Because YAML test plans cannot be reused. The moment you switch vendors, every line of test logic is captured in their proprietary syntax and has to be rewritten. Real Playwright code, expressed as named scenarios in plain English `#Case` blocks that the agent compiles to `browser_navigate` / `browser_click` / `browser_snapshot` calls at runtime, is portable: the scenarios document intent, the agent picks the actions, and the artifacts are the actual MCP calls a Playwright engineer can read. The parser for the `#Case` format is at agent.ts:620-631 and is two regexes long.

How would I reproduce the stale-selector flake locally to convince myself it is real?

Take any React app with a list that loads from an API. Write a Playwright test that does `await page.locator('text=ItemA').click()`. Add a `await new Promise(r => setTimeout(r, 50))` between getting the locator and clicking. Now make the list re-render asynchronously (a refetch on focus, a websocket update, anything). Run it 50 times. The locator will resolve to the old node, the new render will reparent that node, and the click will hit a detached element that does nothing. The `[ref=eN]` model in the accessibility tree avoids this because the ref is bound to the snapshot, not the DOM, and a fresh snapshot is one tool call away.

What is the smallest change I can make to my existing Playwright suite to start moving toward this model?

Two things, in order. First, replace every `waitForTimeout` with either `waitForFunction` (if you have a precise predicate) or with the equivalent of `wait_for_stable` (a MutationObserver-based wait, which is about 30 lines of helper code; the implementation at agent.ts:962-994 is a working reference). Second, stop reusing element handles across awaits — re-resolve the locator at the moment of each action. Both moves remove flake without changing your test runner. They are also the prerequisites for moving to an agent-driven runner later, because the agent is doing the same two things automatically.

Why is this open source and free when other tools cost thousands a month?

Because the runner is one repository you can read in an afternoon: /Users/matthewdi/assrt-mcp/src for the MCP server and /Users/matthewdi/assrt for the web app. The expensive parts of test infrastructure are not the orchestrator; they are the LLM tokens, the CI minutes, and the engineer hours spent on triage.
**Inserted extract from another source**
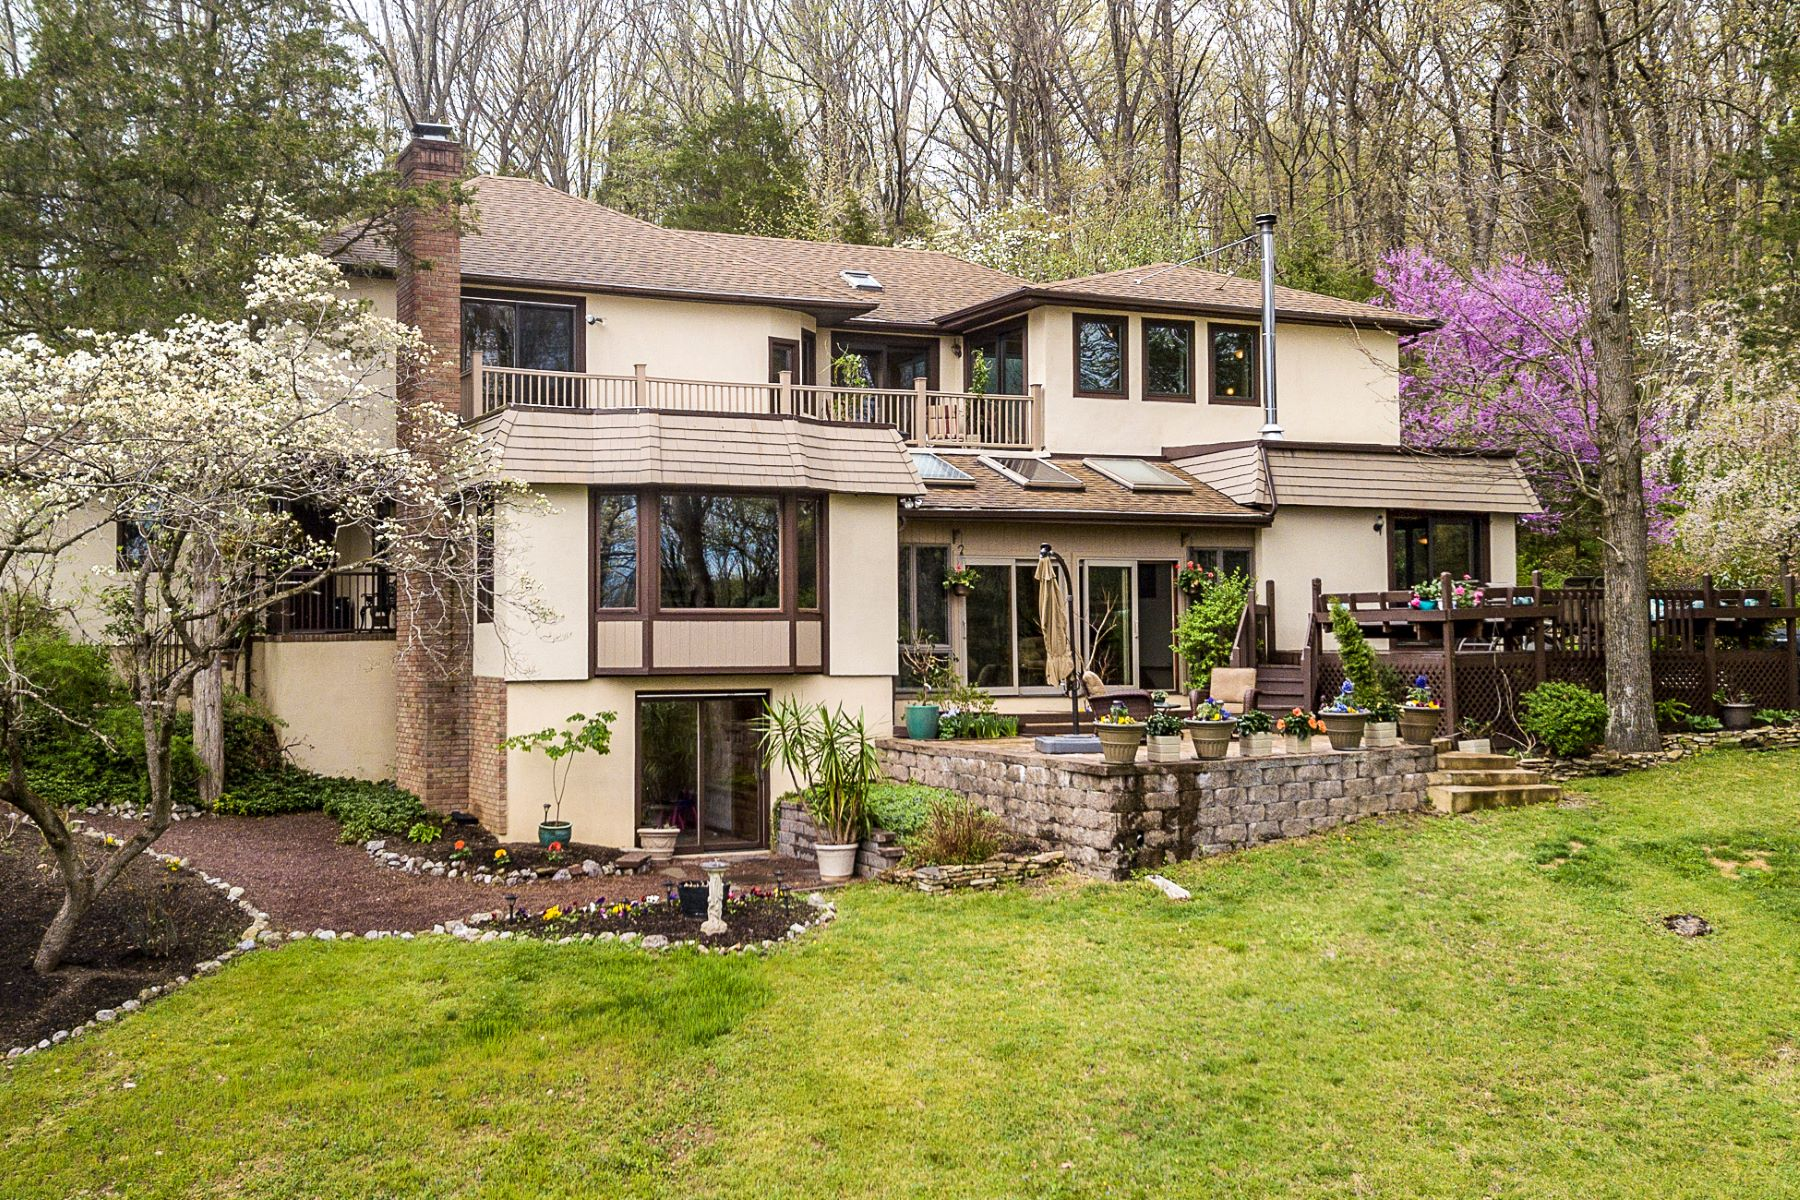 single family homes için Satış at Make Lasting Memories In This Wonderful Home! 430 Riegelsville Road, Milford, New Jersey 08848 Amerika Birleşik Devletleri

Assrt charges nothing for the orchestrator and lets you bring your own model and your own CI. Closed cloud vendors charge for the orchestrator (often 7,500 per month), make you write tests in their syntax, and own your test artifacts. When you switch off them you start over. With Assrt, the artifacts are real Playwright MCP tool calls and Markdown scenarios; switching means deleting one npm dependency.